В нескольких названиях встречается это имя - Мельхиседек. В первой книге пророка Моисея (14-й стих, 18-я строка), Мельхиседек, священник и царь Салима (будущего Иерусалима), встречал Авраама после победоносной войны против Содома хлебом и вином.
В богатой традиции изображения Мельхиседека, возможно, самое главное место занимает фреска Феофана Грека 1378 года в церкви Спаса Преображения на Ильине в Нижнем Новгороде.
В Синаксаре (Прологе), важнейшей книге православной традиции, Мельхиседек упоминается как явление царского и первосвященнического достоинства, и ему посвящен отдельный праздник. Соколов переосмысливает образ Мельхиседека и придает его образу ироничные черты.
Роль священника и царя всего Советского Союза партия играла почти семьдесят лет. Абсолютно прикладная коммунистическая идеология заместила функцию религий, распространенных на территории страны.
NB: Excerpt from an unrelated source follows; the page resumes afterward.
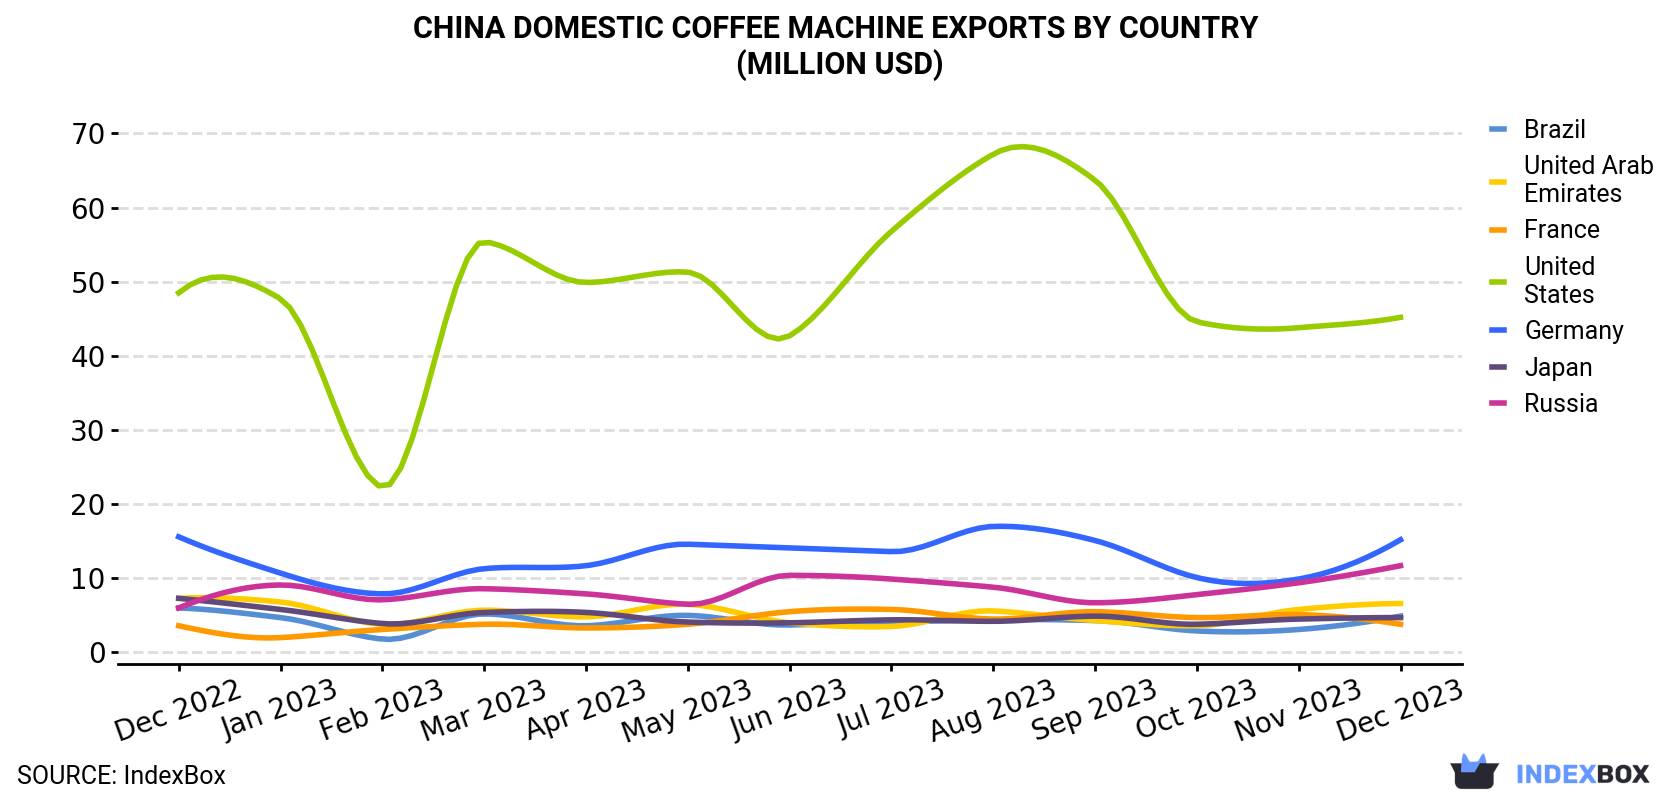 China Domestic Coffee Machine Exports By Country (Million USD)
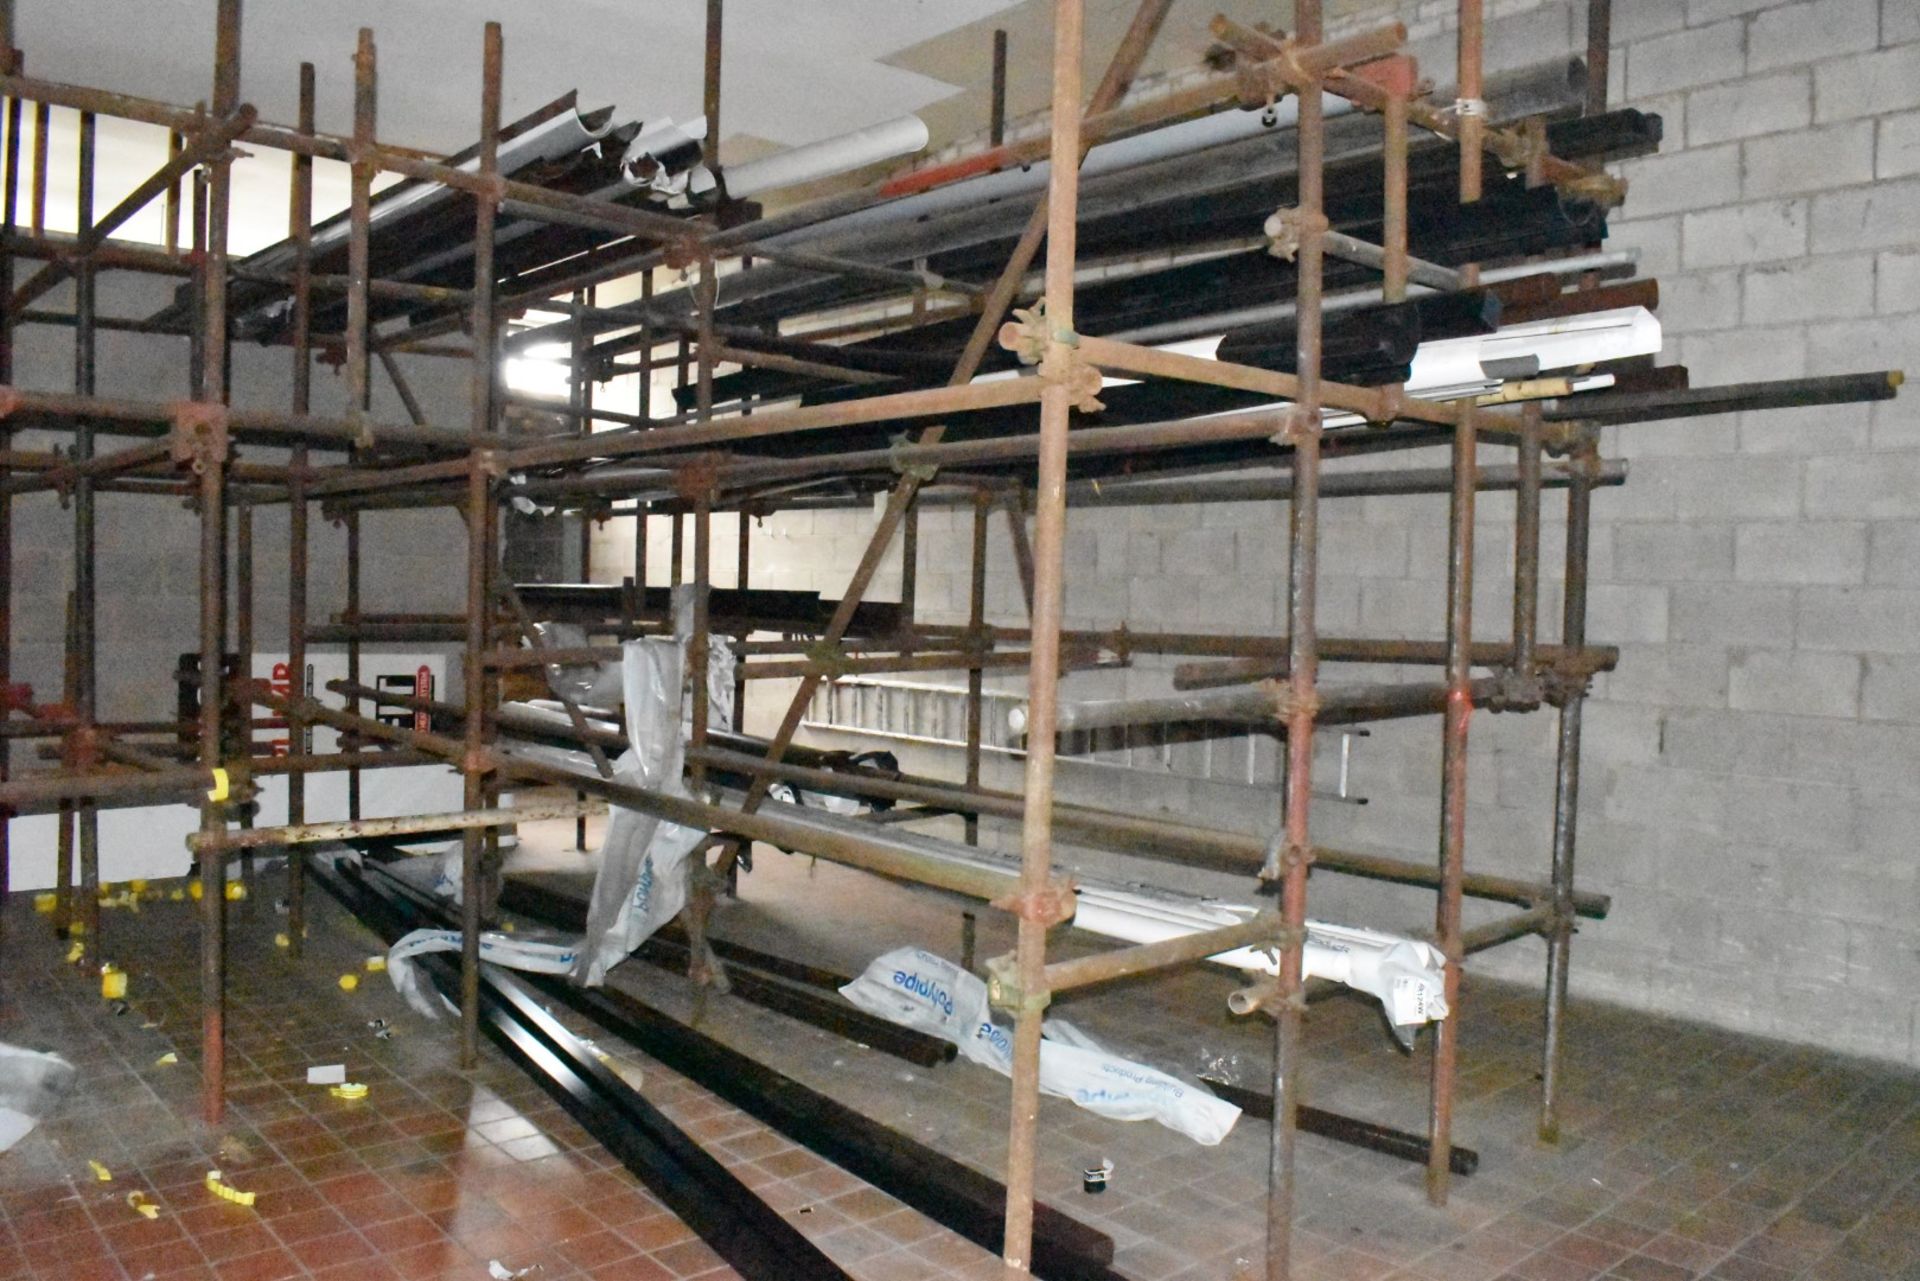 1 x Large Collection of Scaffolding and Fixtures Covering a Floor Space of Approx 13 x 13ft - Image 7 of 15

КПСС долгое время удерживала двойную функцию и руководства, и наставничества.
Если принять во внимание такое толкование, то объекты, названные художником именем Мельхиседека, получают такой смысл. Звезды на абсурдной, нефункциональной модели «Самолета Мельхиседека» указывают на господствующее значение армии; «Календарь», «Автопортрет», а также пугающий, окаменевший «Всадник Мельхиседека» – неподвижны, и вследствие этого неверные часы, крест на автопортрете – все это дает представление об эпохе партийного господства, как об эпохе вечного кладбищенского мертвенного затишья.
Вместе с тем, «Автопортрет» выглядит парафразом к татлинской модели Третьего интернационала 1919/1920 годов.
Четырехсотметровая башня, сконструированная из двух соприкасающихся спиралей, внутри которых располагаются поворачивающиеся вокруг своей оси куб, пирамида, цилиндр и полусфера, по праву считается одним из самых значимых архитектурных проектов ХХ века.
Диагонали подъемов этого сооружения и их отношение к плоскости земли символизируют универсальность и динамику, космический масштаб революции.
Эти же диагонали структурируют и «Автопортрет Мельхиседека». Совершенно очевидно, что художник здесь обращается к языку русского кубофутуризма, доминирующего пластического течения в CCCР в 1920-е годы.
В то время как Татлин на одном из эскизов увенчал здание развевающимся флагом, Соколов ставит на вершину крест. Прозрачность башни Татлина, обнаженность технических элементов – служили пропаганде правительства и одновременно несли символическую функцию.
«Буржуазное общество, крепко стоящее на земле и к земле привязанное, развивается по горизонтали, а спирали Татлина, поднимаясь от земли, рисуют совсем другую линию развития общества, лишенного звериных, земных, подавляющих интересов. Это олицетворение человечества, освобожденного революцией». (5)
В работе «Машина Мельхиседека, разрешающая сомнения», автор представляет одновременно привычки потребления, хлынувшие в Советский Союз, и привычки принятия решений, для которых не применяются обсуждения, широко известные по работе советского парламента. Между альтернативой «Да» и «Нет», сегодня остается лишь один вариант – «пей Coca-Cola».
Веревки, продетые сквозь каменное основание работы «Тщетные усилия», провоцируют зрительскую активность, но, как и предсказывает название этой работы, ждать результата от вложенных усилий не приходится.
Рычаги (власти?) или крючки, при помощи которых можно было бы придать конструкции движение, – забетонированы, эта метафора однозначно читается в контексте советской повседневности. Содержательно эти скульптуры очень связаны с актуальными политическими и социальными процессами.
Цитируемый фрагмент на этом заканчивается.